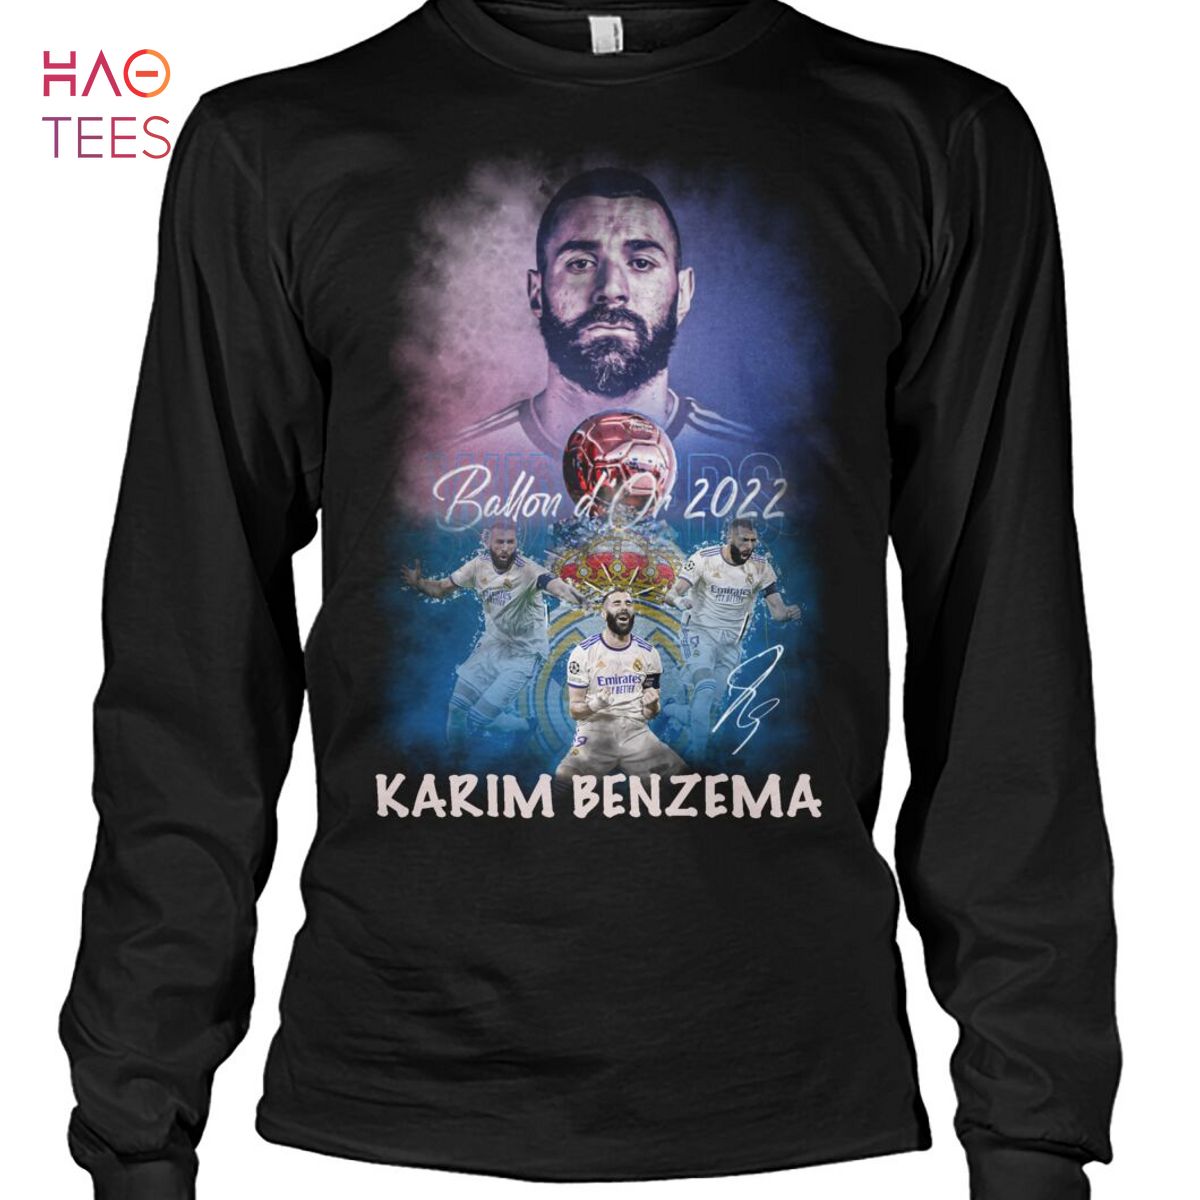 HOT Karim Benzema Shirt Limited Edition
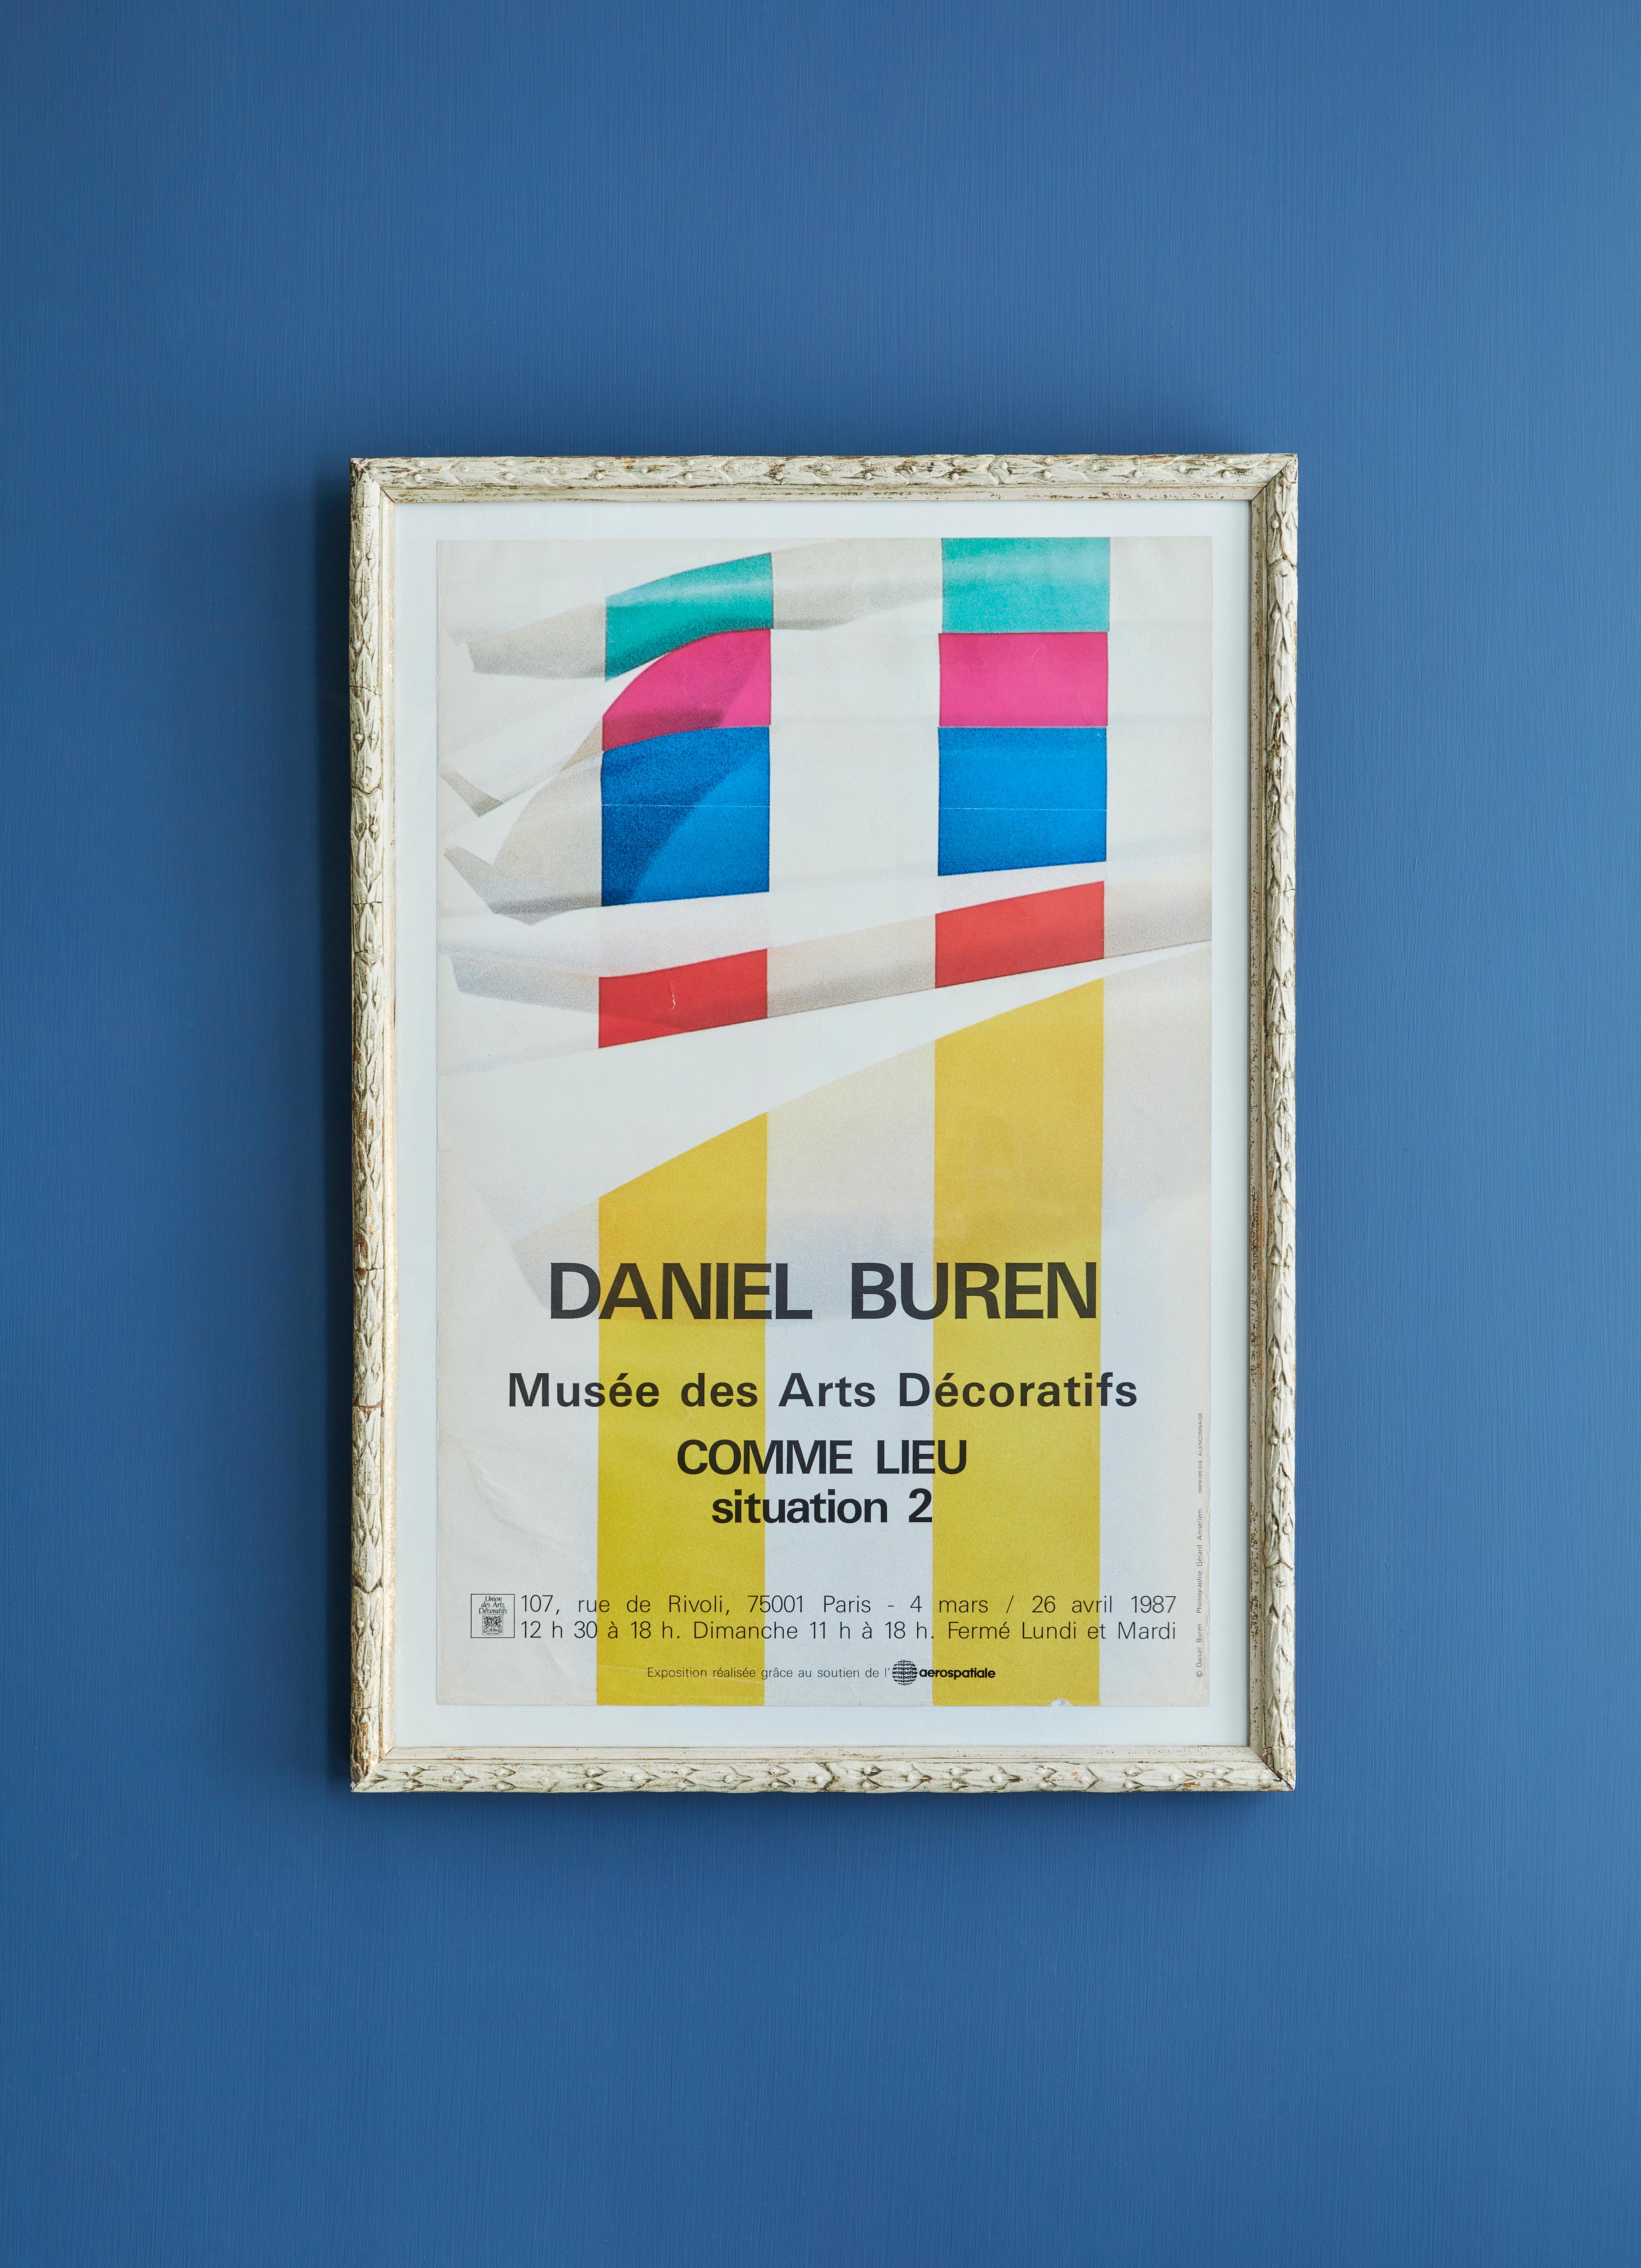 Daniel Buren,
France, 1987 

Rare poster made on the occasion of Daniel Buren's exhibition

######

Your objective: What is needed is an exact copy of the data, without any pictures.

Exercise solution:
 HOT Karim Benzema Shirt Limited Edition
 Daniel Buren,
France, 1987 

Rare poster made on the occasion of Daniel Buren's exhibition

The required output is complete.